Houston's Hermann Park: A Century of Community
- First edition
- Author: Barrie Scardino Bradley
- Language: English
- Series: John Lindsey Series in Arts and the Humanities
- Genre: Non-fiction
- Publisher: Texas A&M University Press
- Publication date: 2014
- Publication place: United States

= Houston's Hermann Park =

2014 book by Barrie Scardino Bradley

Houston's Hermann Park: A Century of Community is a 2014 book by Barrie Scardino Bradley, published by the Texas A&M University Press. It discusses Hermann Park in Houston, Texas. The book is a part of the John Lindsey Series in Arts and the Humanities. The book, commissioned by the Hermann Park Conservancy, was scheduled for a release on December 18, 2013. Stephen Fox, an architectural historian, and Doreen Stoller, a conservancy director, wrote the foreword and afterword, respectively. It was released to celebrate the park's centennial anniversary.

==Background==
Scardino is an historian and architect, in addition to being an author. She first moved to Houston in 1979, moved away in 1998, and moved back in 2004. She had once worked for the Houston Public Library's Houston Metropolitan Research Center as an architectural archivist, and she once served as the executive director of the Houston chapter of the American Institute of Architecture. She accepted the commission to write the book in 2010.

==Contents==
The book discusses the park's background and development. Images published in this book include drawings, plans, historical images, and modern images.

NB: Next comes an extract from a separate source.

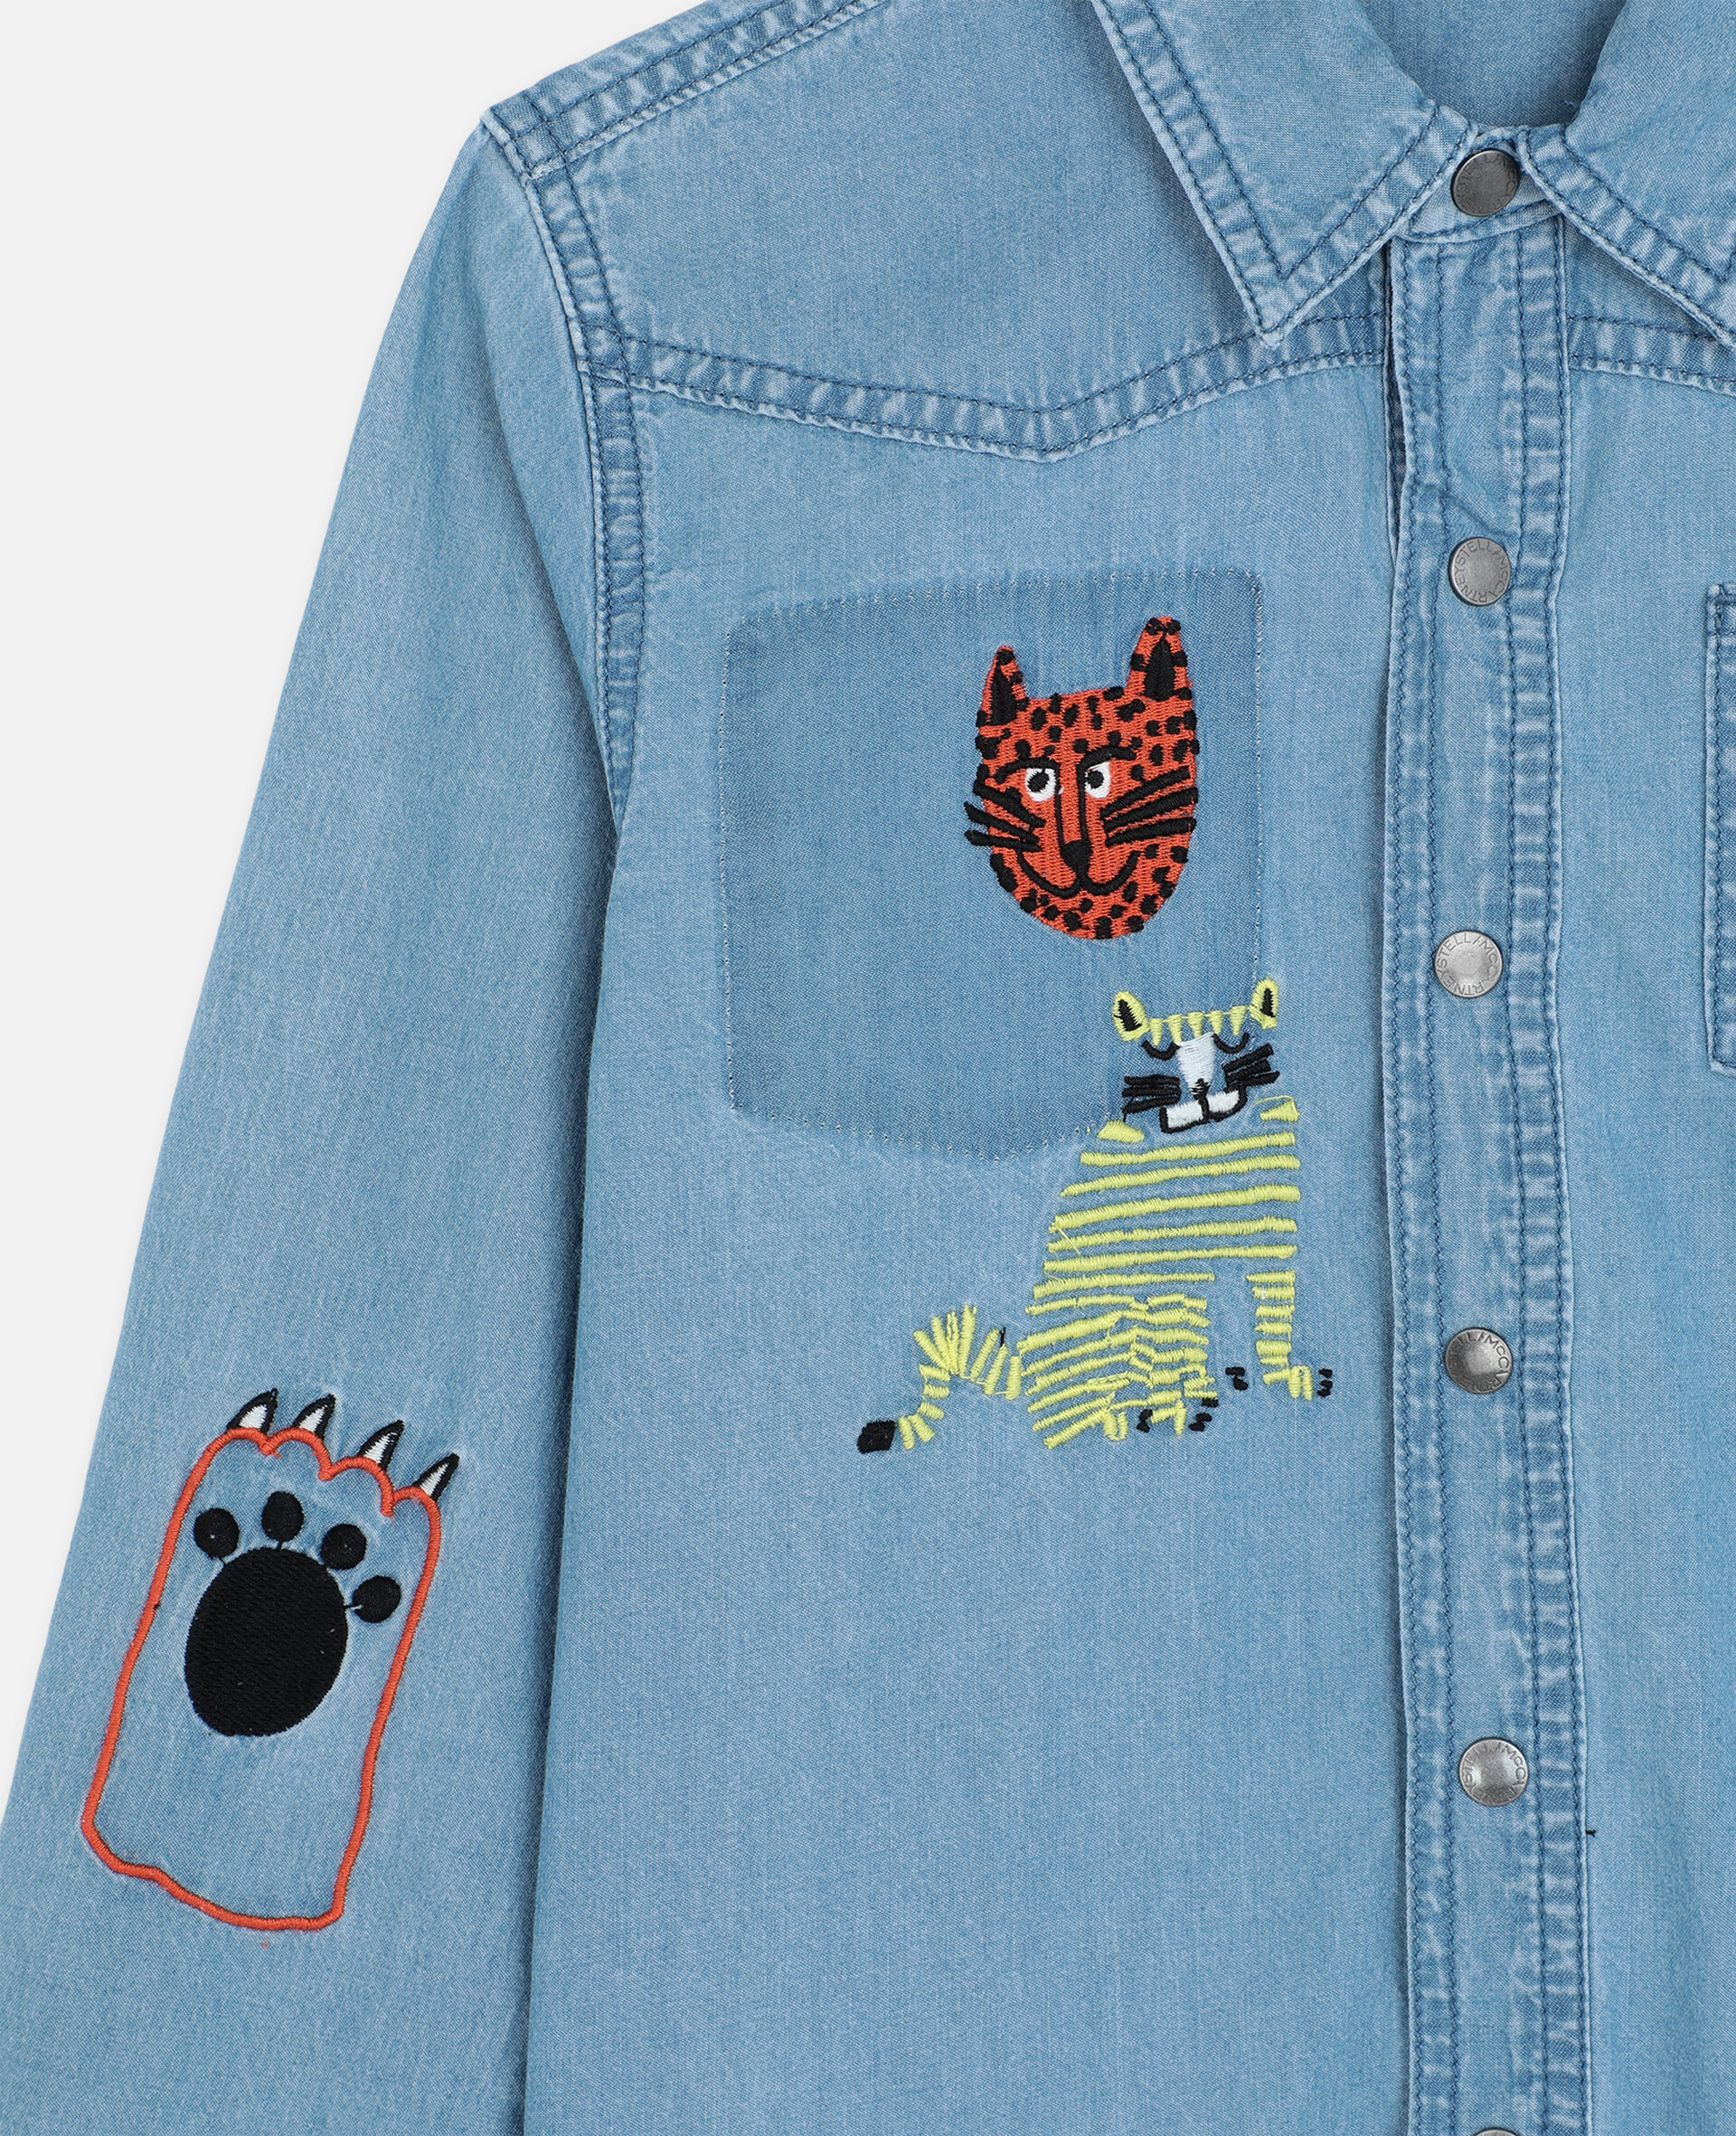 Embroidered Cats 棉质钱布雷布衬衫 -蓝色-large image number 1
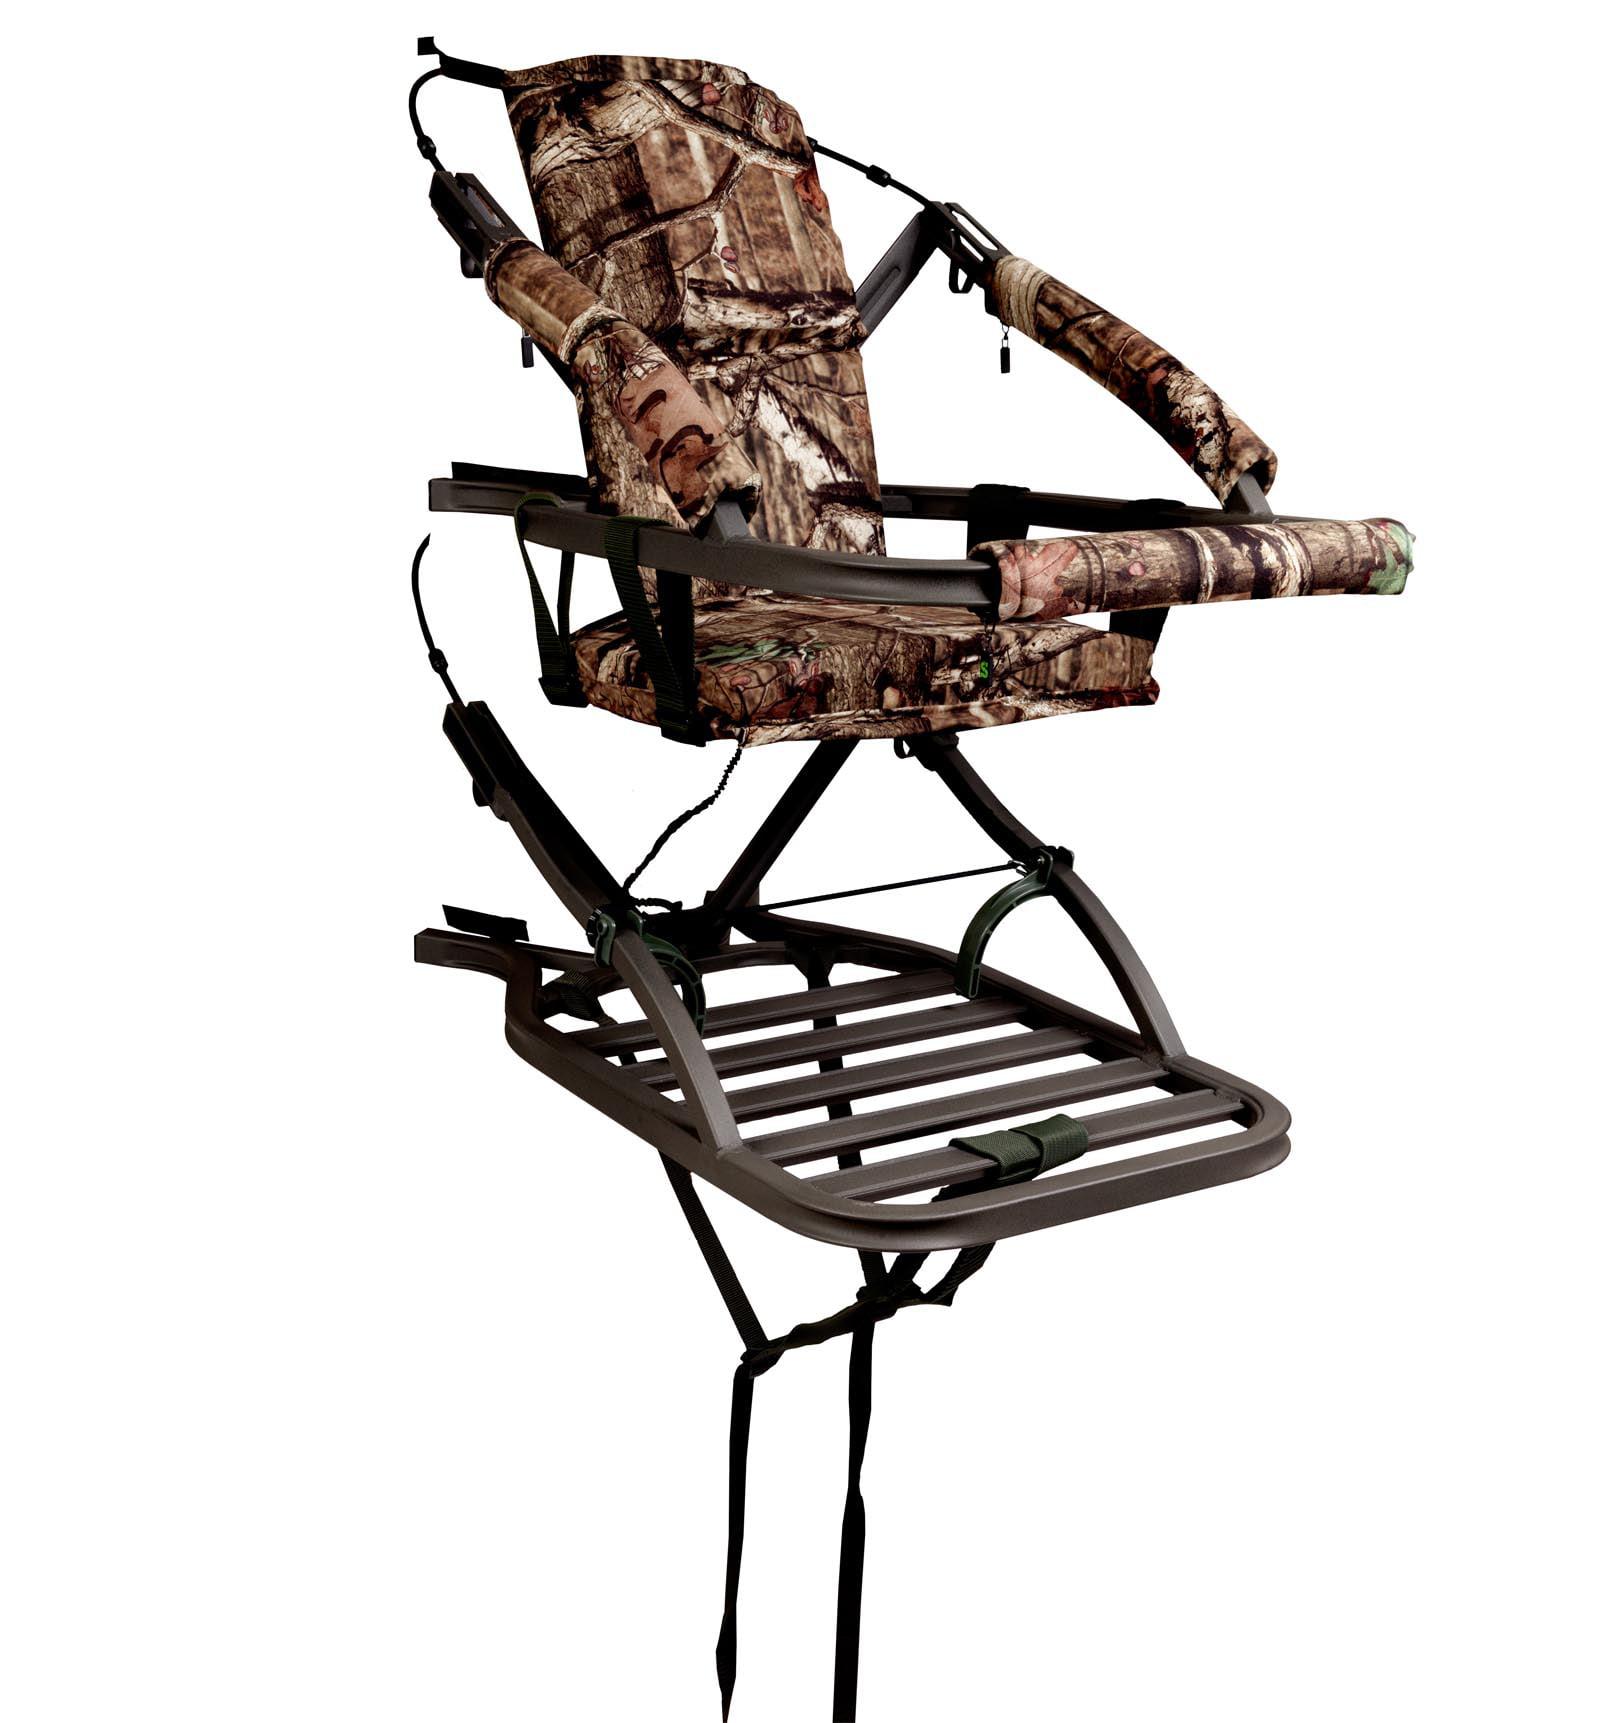 Summit Viper SD 81120 Self Climbing Treestand 300 Lbs - Bow & Rifle Deer Hunting

An appendix is included.

==Reception==
Lake Douglas of Louisiana State University praised the book, stating that it was "comprehensive, well written, and lavishly illustrated", concluding that the book "is a gift to Houstonians as well as to landscape historians, urban designers, and everyone interested in the evolution and stewardship of an iconic urban park in a major American city."